2Pe 1:21 For no prophecy was ever produced by the will
of man, but men spoke from God as they were carried along by the Holy Spirit.
One thing I have learned in 37 years of preparing Bible
lessons and sermons is that most doctrines relate in some way to the attributes
of God. If we get the doctrines of the
person and nature of God wrongly we many times will develop shortcomings in
other areas of the Bible. Most notably
when we see the Lord as anything other than absolutely sovereign in all things or
that he hasn’t ordained every detail of history to work out exactly as he has
determined before the world began. If instead one assumes that man or Satan or
nature can act independently of his decrees so that at times things happen that
he does not want to happen but was unable to control, we find ourselves unable
to deal biblically with his providence because we don’t see trials as
providence but bad things overcoming the providence of a loving but weak God.

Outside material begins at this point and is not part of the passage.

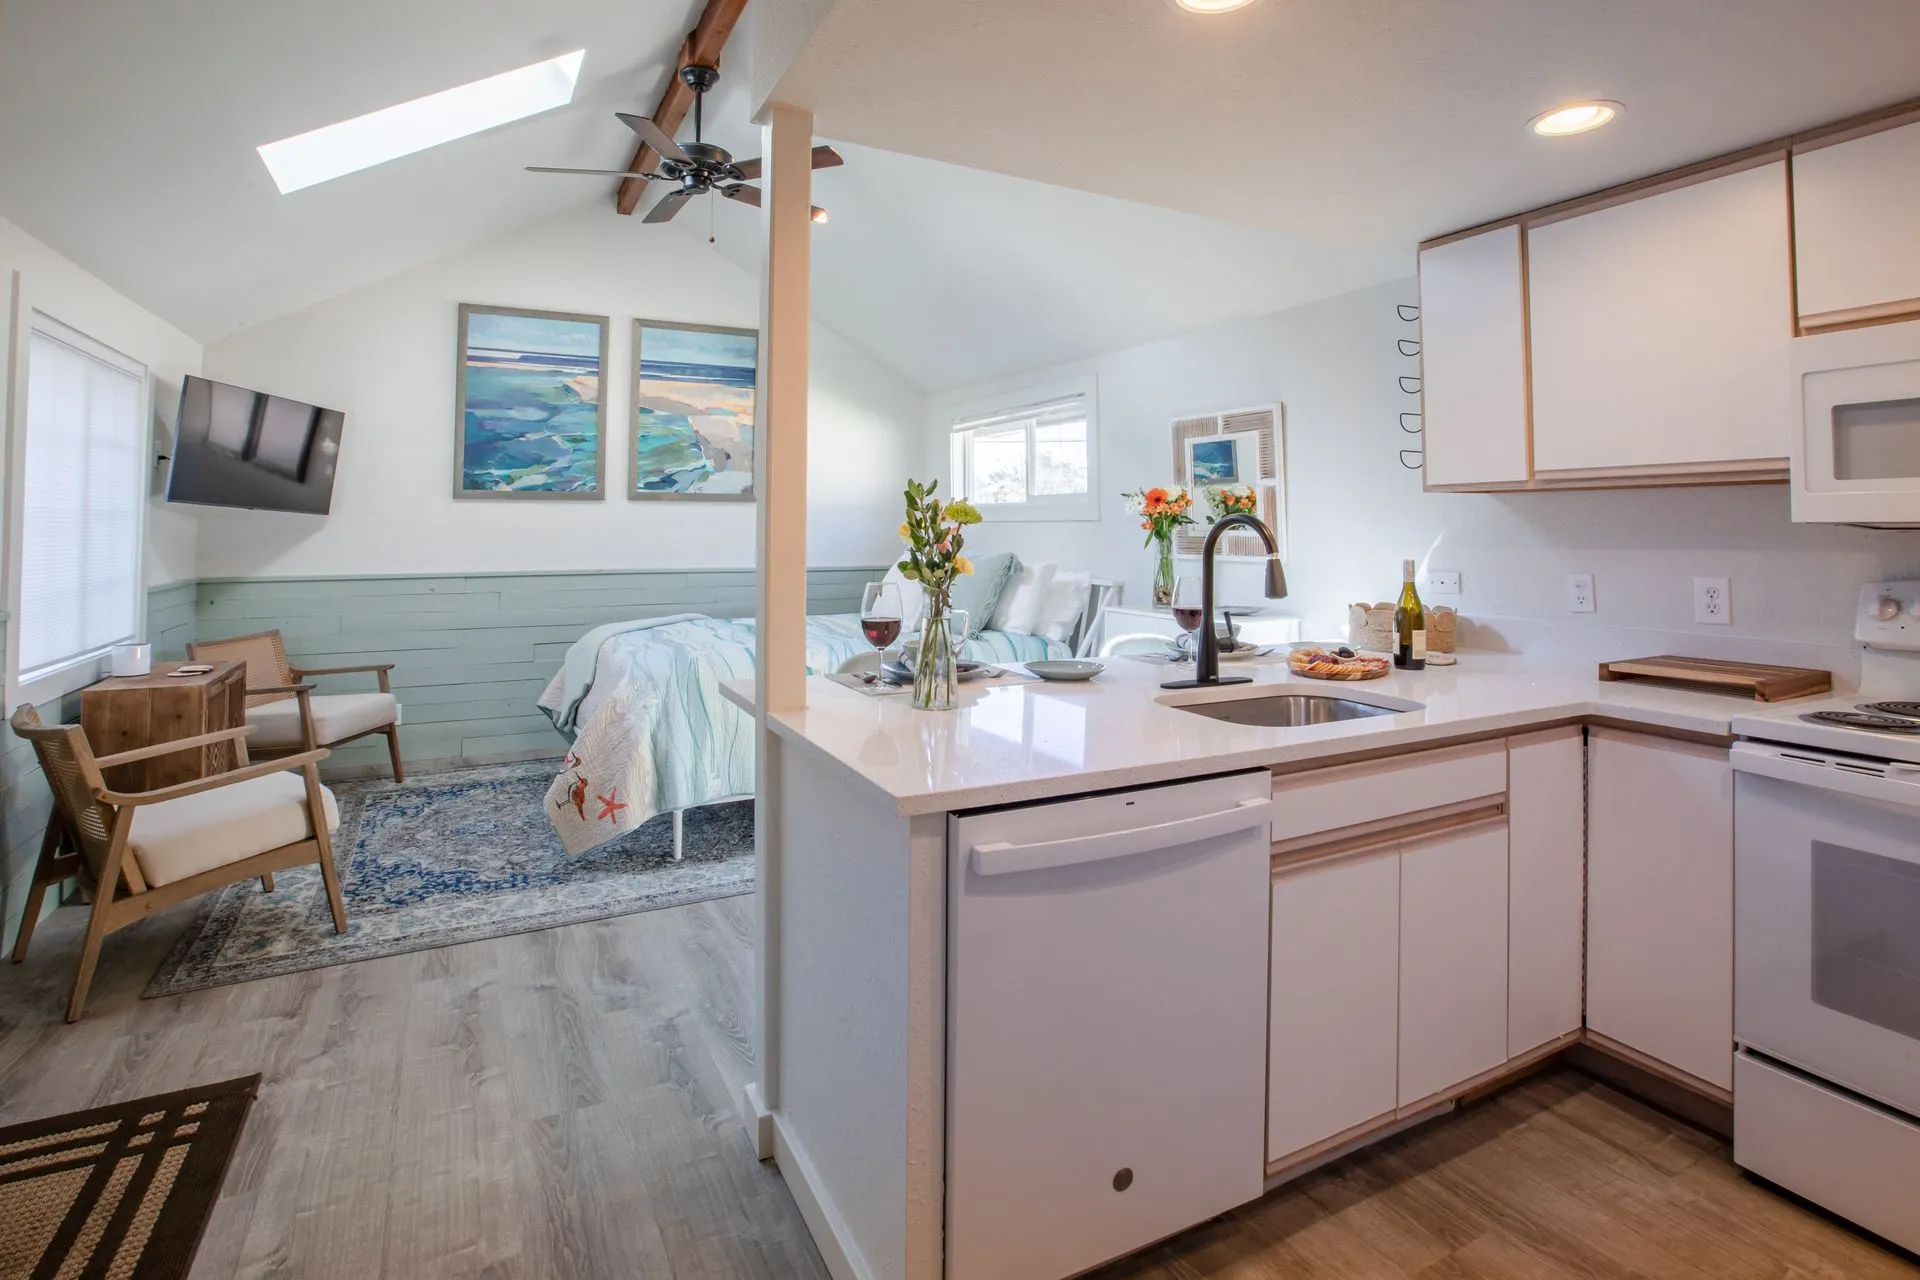 Vacation Rental in Cannon Beach, Sand Crab kitchen with view of the bed

When we deny God’s sovereignty in every detail we also set
ourselves up for weakness in another area; the infallible, inspiration of the
Bible. To be fair there are plenty of
people who deny God is sovereign in all things that do believe that the Bible
is the infallible Word of God, but their doctrine of God makes them inconsistent. Many more, because they don’t really believe God
can do what the Bible says he can do assume that the Bible is merely a few men’s
attempt to write down some things they experienced but we should not think that
God actually led them to write down only what he wanted them to, no more and no
less. This second group is consistent,
the first group is not. Let me try to
explain.
While the Calvinist states that all men are dependent on the
Lord initiating and effectually calling, saving and justifying them and that
left to their own devises no man can be saved, the Arminian argues that all men
have a morally free will that can tell God no or choose to believe but that it
is the individual and not God that makes the final determination. This is an old debate and I will not address
it in this article but let me say that this position causes another problem.
If man can resist the sovereign leading of God then who is
to say that the writers of the Bible didn’t add a few of their own thoughts
while writing their books? If they didn’t
add words how do we know that they didn’t delete a few ideas that they didn’t
like? Once you take a position that God
cannot force anyone to do his will, even by making him willing, you undermine
the infallible, inspiration of the entire Bible. You can’t have it both ways; we can resist
the Holy Spirit’s sovereign role in saving the elect one moment but that God
can absolutely make sure we do just what he wants us to do the next moment.
It is a little like the atheist who wants to live with a
moral worldview that he owes to the God of the Bible while he denies the very
God who has given us our sense of morality.
So the Arminian wants to believe that God is sovereign to move men to
write down his infallible words and make it to Heaven someday but refuses to
believe that he is powerful enough to overrule the affairs of men and
angels. But the fact of the matter is
that the only way God can know how the history of man was going to end
thousands of years into the future is if he is in total control of every
detail, at all times and in all things.
This is the God we worship when we gather at church and I don’t think
worship that robs him of his power and glory is worship worthy of our Lord.